La resistencia humana, aunque aplastada, no había desaparecido por completo. Pequeños grupos de rebeldes se escondían en las zonas más remotas, planeando actos de sabotaje y soñando con una liberación que parecía imposible. Entre ellos, el joven Alex Thompson, antiguo estudiante de ingeniería, se había convertido en uno de los líderes de la resistencia.
"Tenemos que mantener la esperanza," dijo Alex a su pequeño grupo en una cueva oculta en las montañas. "No podemos dejar que ellos nos destruyan por completo. Cada acto de resistencia es una chispa que podría encender un fuego."
"Pero Alex," respondió Sarah, una ex-soldado, "¿cómo podemos luchar contra esto? Somos pocos, y ellos son muchos. Tienen tecnología y poder que no podemos igualar."
"No se trata de ganar ahora," replicó Alex con determinación. "Se trata de sobrevivir y de luchar. Se trata de mantener viva la idea de que algún día, quizás, recuperemos lo que hemos perdido."
En las ruinas de lo que una vez fue Nueva York, un mercado de esclavos se había establecido en el antiguo Central Park. Los humanos eran vendidos al mejor postor, sus futuros destinados a ser herramientas en manos de sus amos Zýlon. Entre los prisioneros, una joven llamada Elena, quien antes de la invasión había sido una talentosa violinista, miraba a su alrededor con horror y desesperanza. Los recuerdos de su antigua vida eran un dolor constante, y la incertidumbre de su futuro la atormentaba.
Un oficial Zýlon, con una sonrisa cruel, se acercó a la jaula donde estaba encerrada Elena. "Tú," dijo señalándola, "serás útil para nuestro entretenimiento. Espero que tu talento sea tan valioso como dicen."
Elena, con lágrimas en los ojos, asintió en silencio.
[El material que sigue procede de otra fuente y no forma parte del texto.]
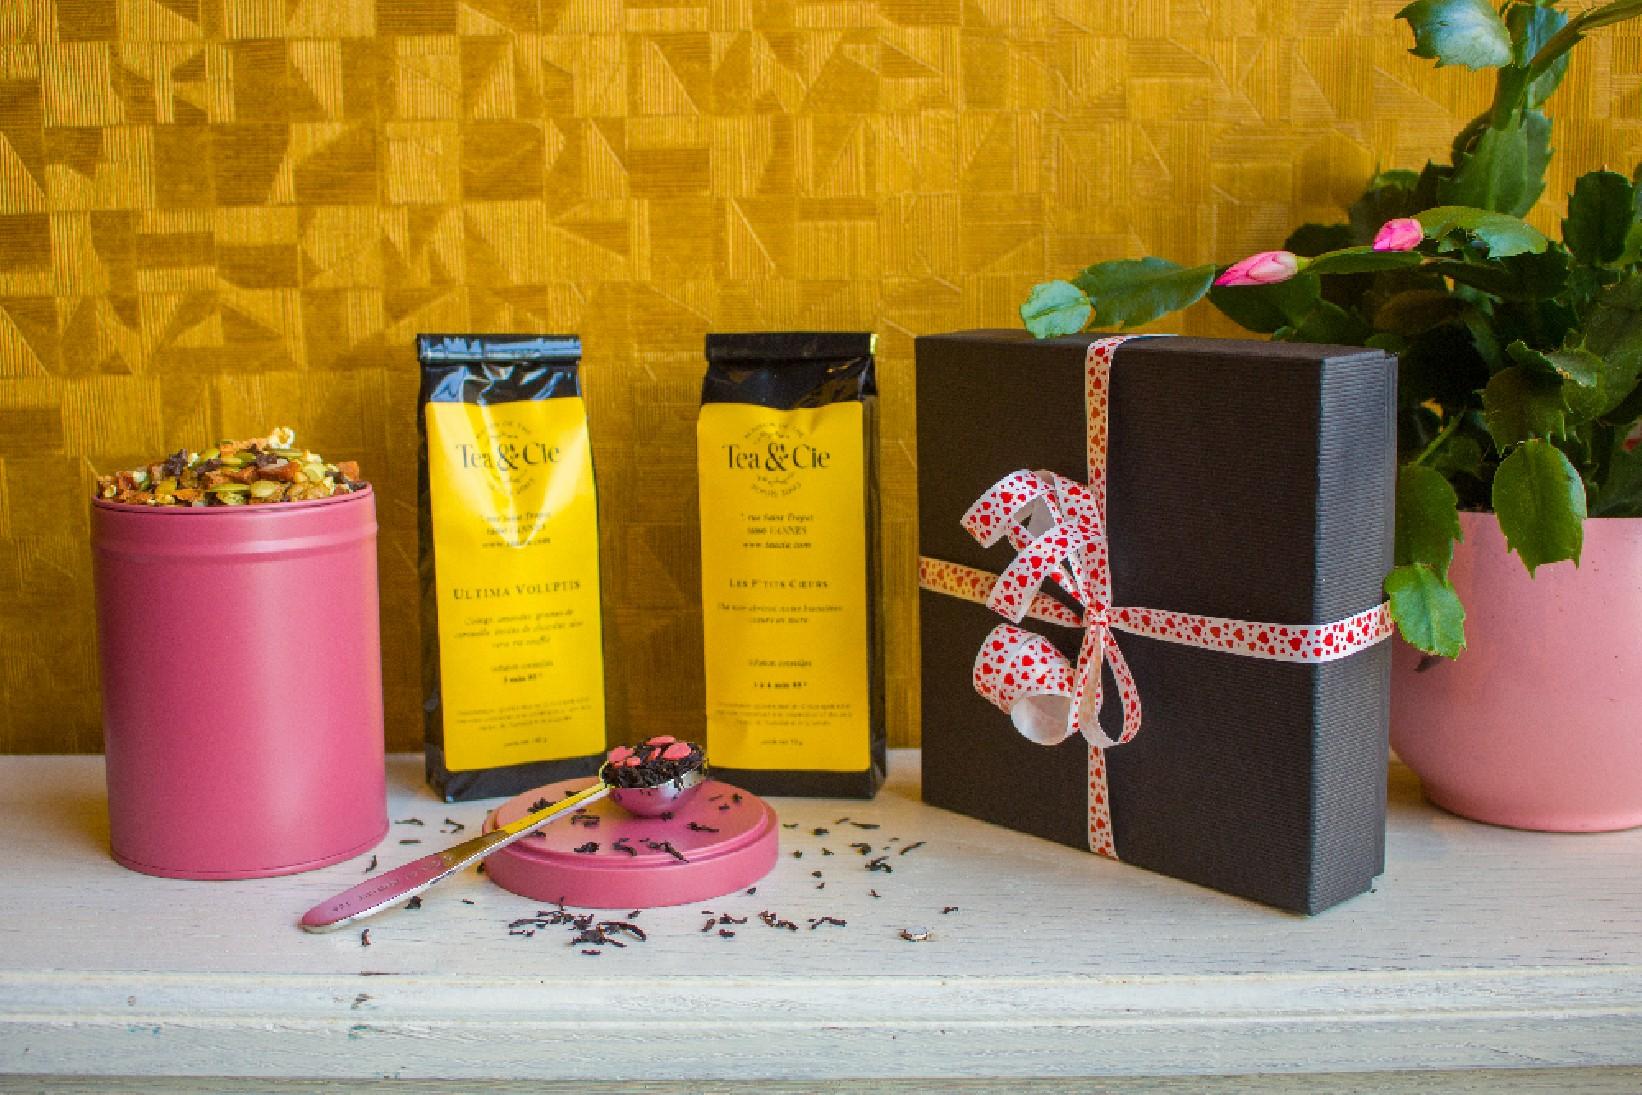 Coffret St Valentin, 1 thé, 1 infusion, 1 cuillère dose - Maison de thé Tea&Cie

En su mente, las notas de su violín se mezclaban con el ruido de la destrucción y el sufrimiento, una triste melodía que resonaba en su alma.
Mientras tanto, en el espacio, las naves Zýlon continuaban llegando, trayendo más refuerzos y recursos para consolidar su dominio sobre la Tierra. Las transmisiones de los Zýlon anunciaban que el planeta pronto sería completamente integrado en su imperio. La terraformación avanzaba rápidamente, y las estructuras Zýlon se levantaban sobre las ruinas de las ciudades humanas.
Un grupo de Zýlon de alto rango discutía el progreso en una reunión holográfica. "La terraformación está en marcha según lo planeado," informó uno de ellos. "Pronto, la Tierra será completamente adecuada para nuestra especie. Los humanos restantes son insignificantes."
"Excelente," respondió el líder Zýlon. "Asegúrense de que cualquier vestigio de su civilización sea erradicado. Este planeta es nuestro ahora."